▶ Exercise
Each record below should be output verbatim, without pictures.

(Material for this task Opens)

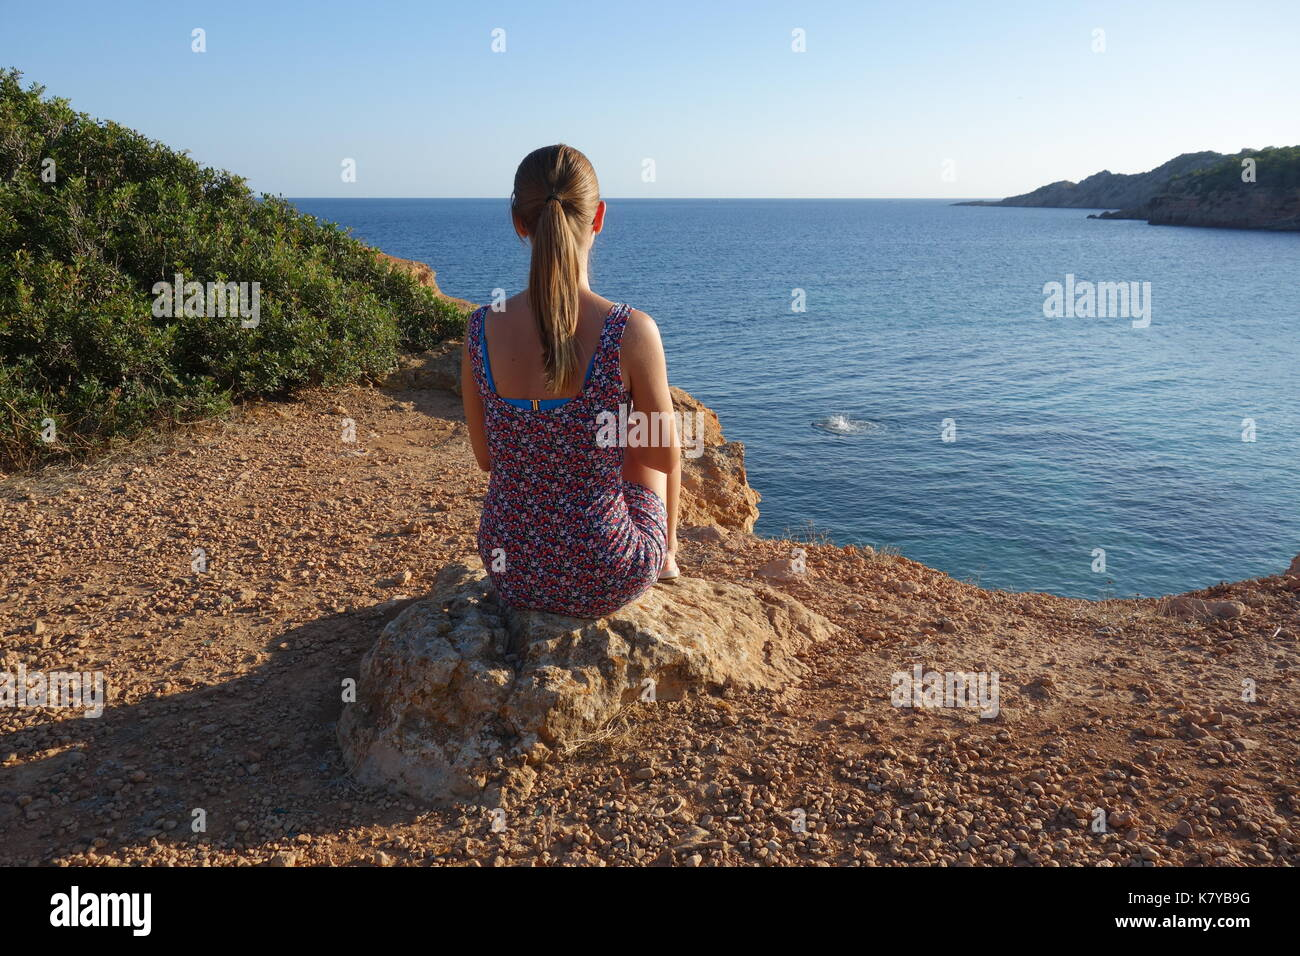 Blonde girl looking towards the beach of Cala sa Caleta or Bol Nou, Spain - Stock Image
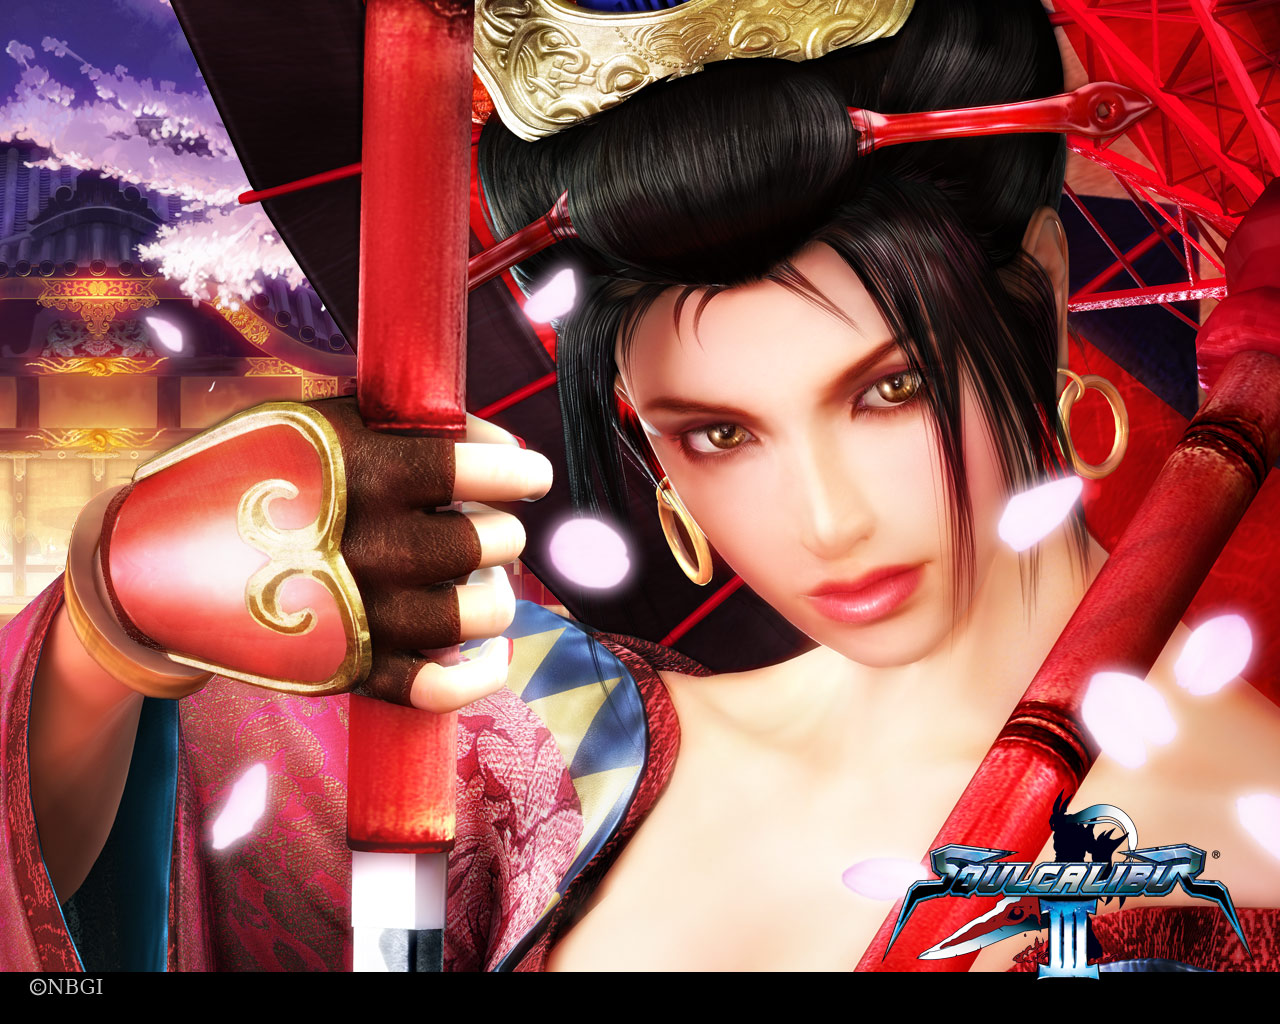 Girl Face Wallpaper Setsuka Soul Calibur
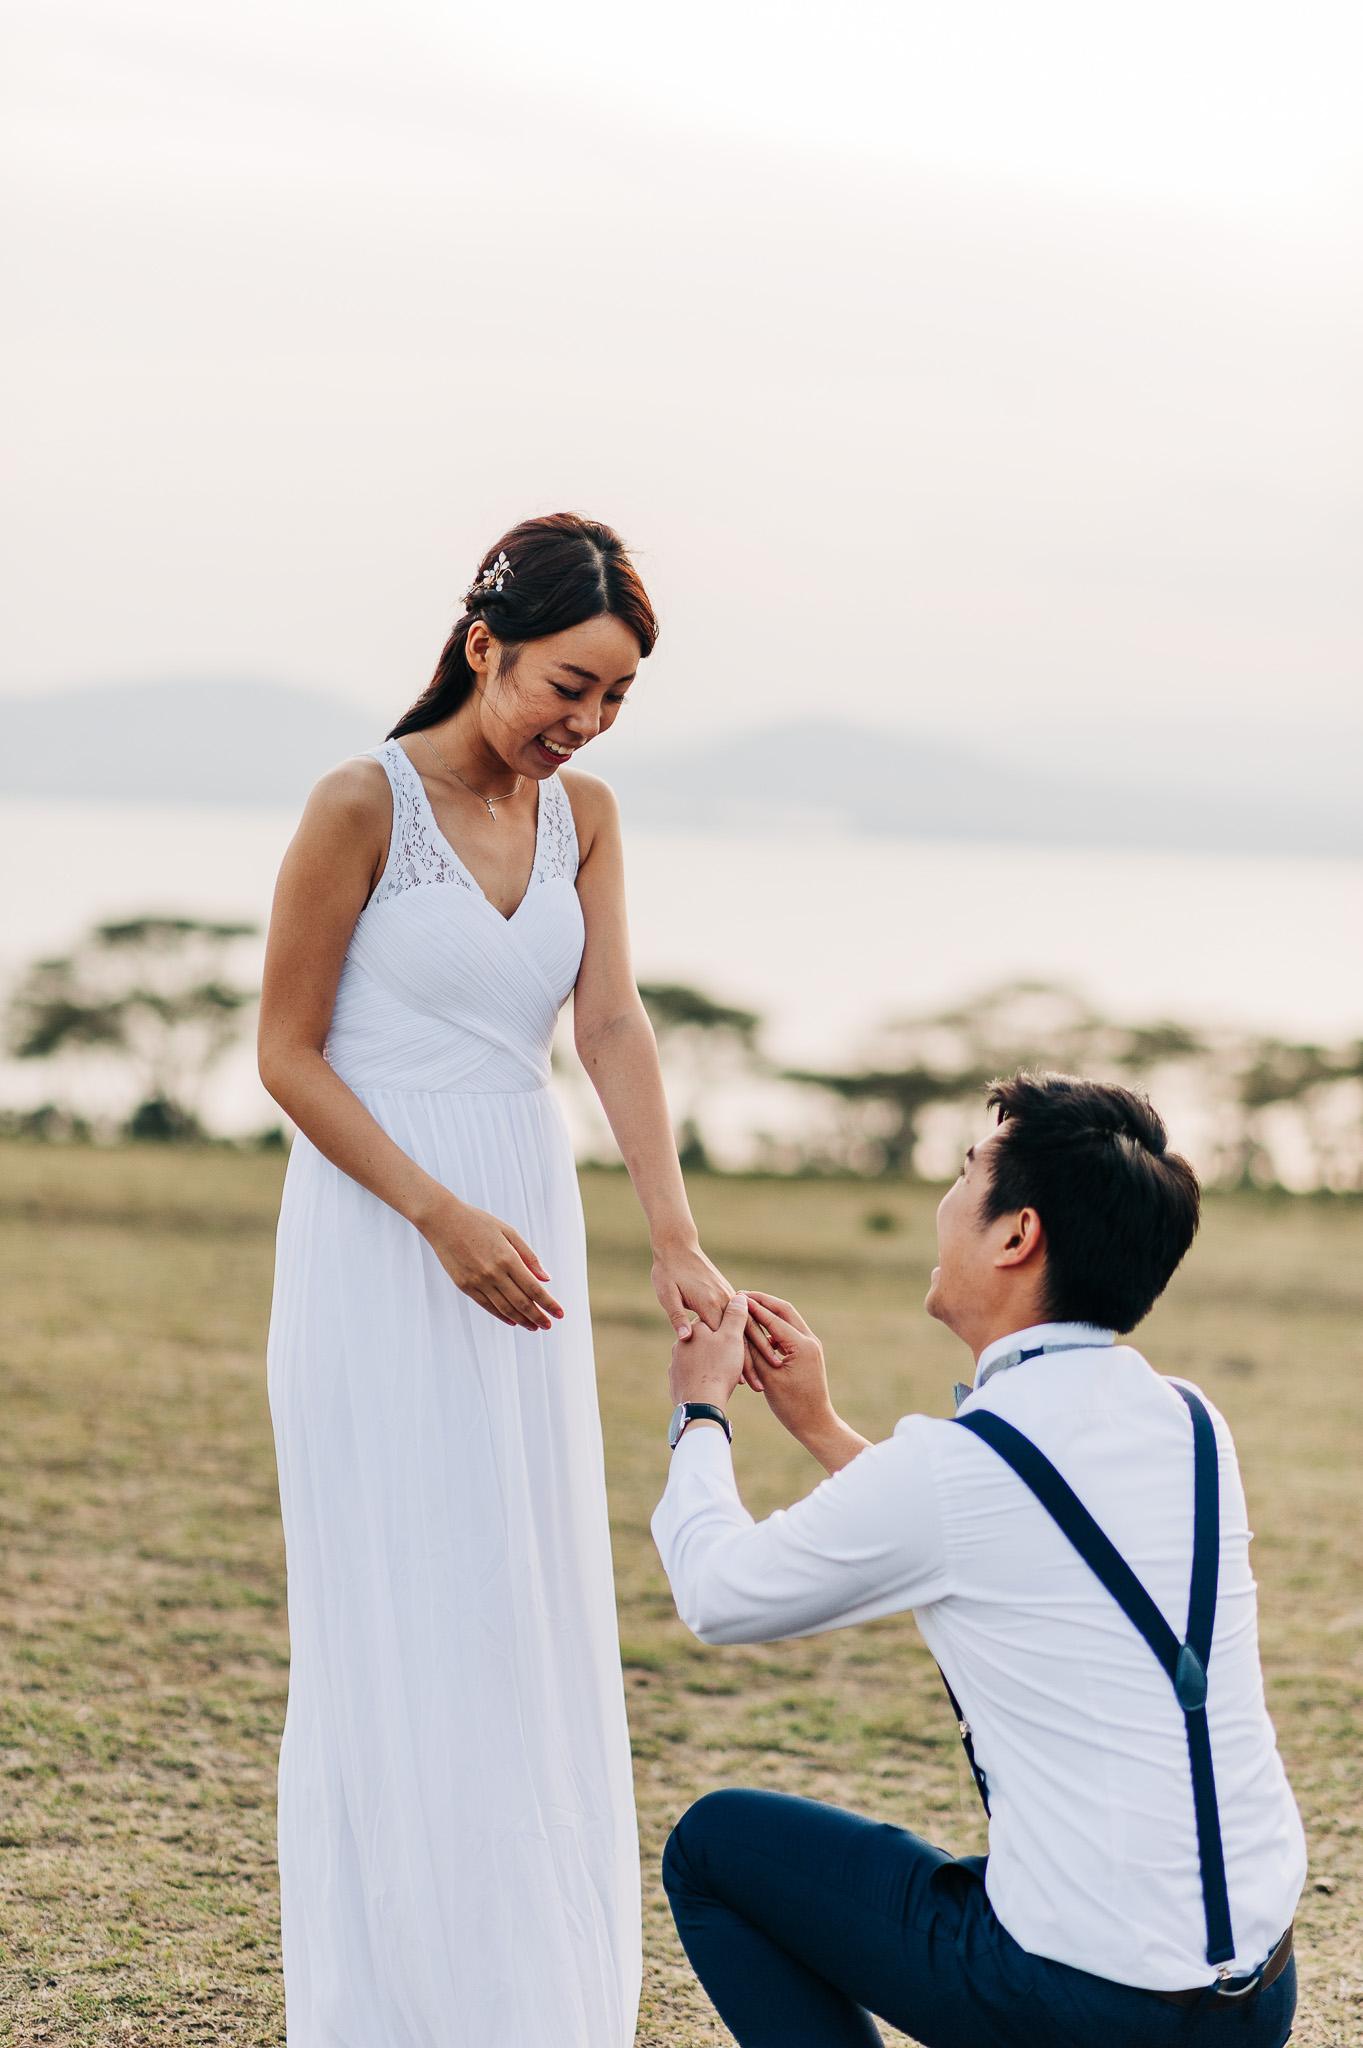 Anna-Hari-Photography-Safari-Elopement-Kenya-Wedding-Photographer-Kenya-88.jpg
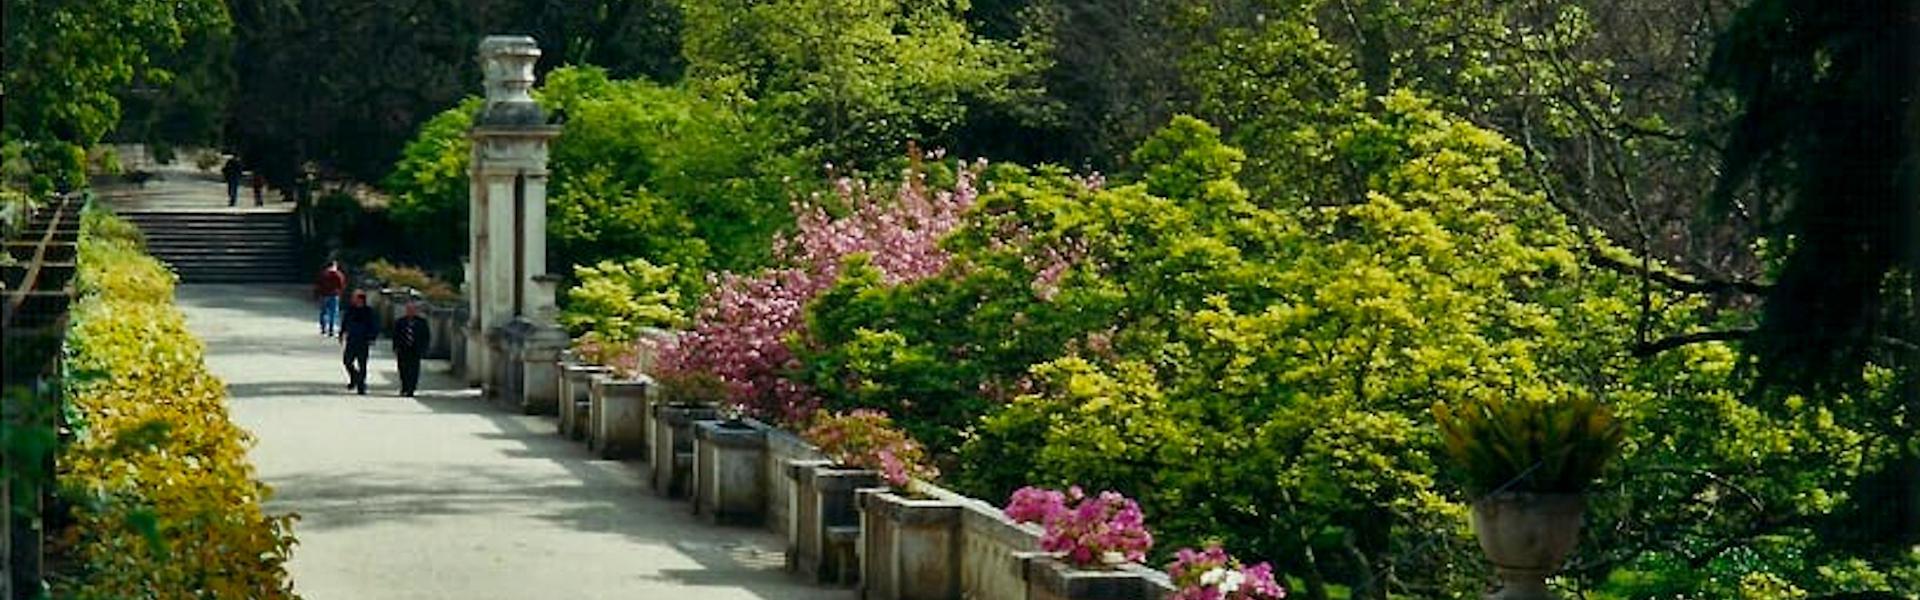 Reabertura do Jardim Botânico
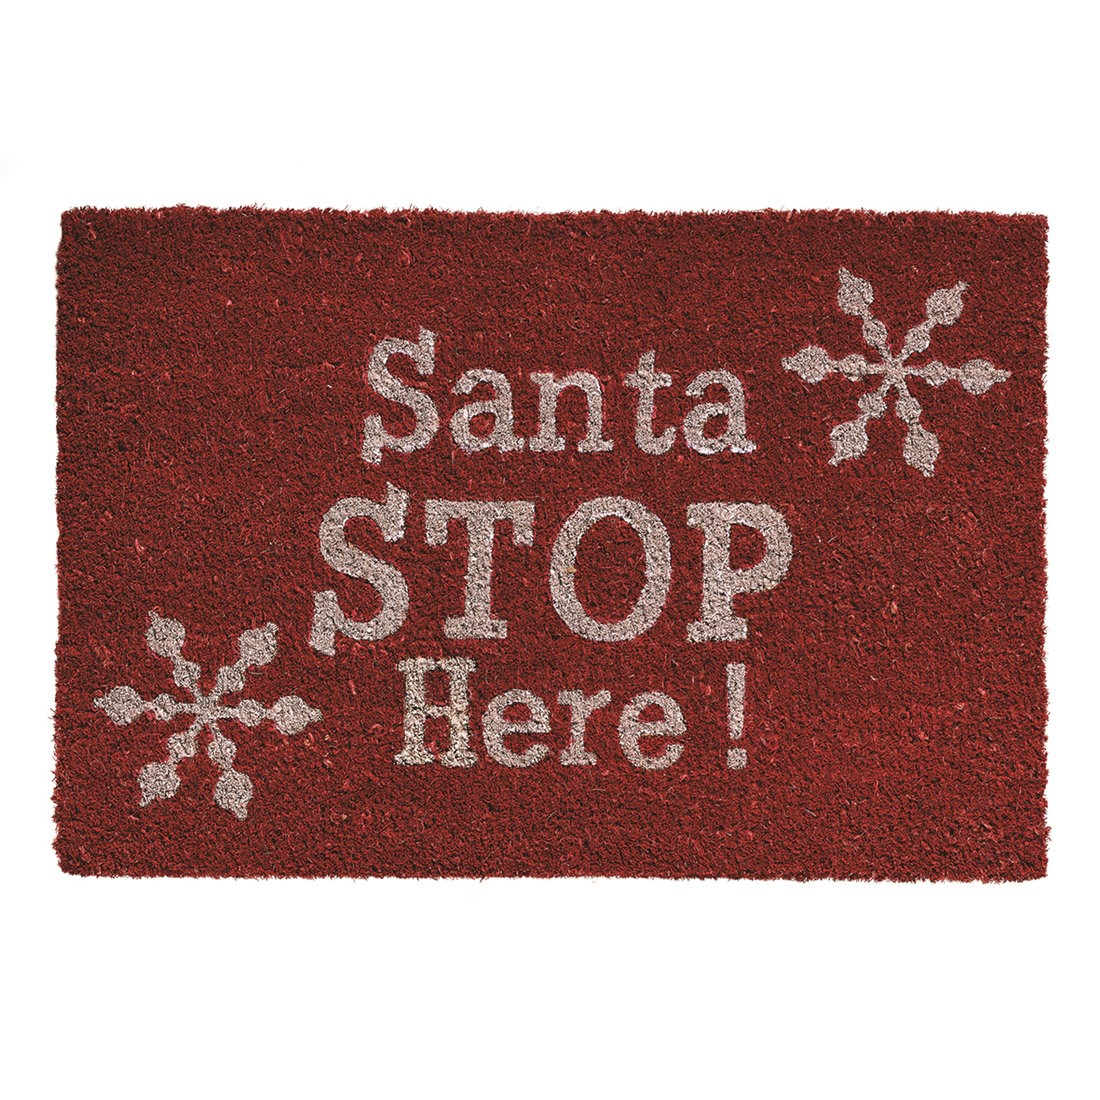 Festive Red SANTA STOP HERE Christmas Doormat

(Material for this task Closes)

▶ Result
 Blonde girl looking towards the beach of Cala sa Caleta or Bol Nou, Spain - Stock Image
 Girl Face Wallpaper Setsuka Soul Calibur
 Anna-Hari-Photography-Safari-Elopement-Kenya-Wedding-Photographer-Kenya-88.jpg
 Reabertura do Jardim Botânico
 Festive Red SANTA STOP HERE Christmas Doormat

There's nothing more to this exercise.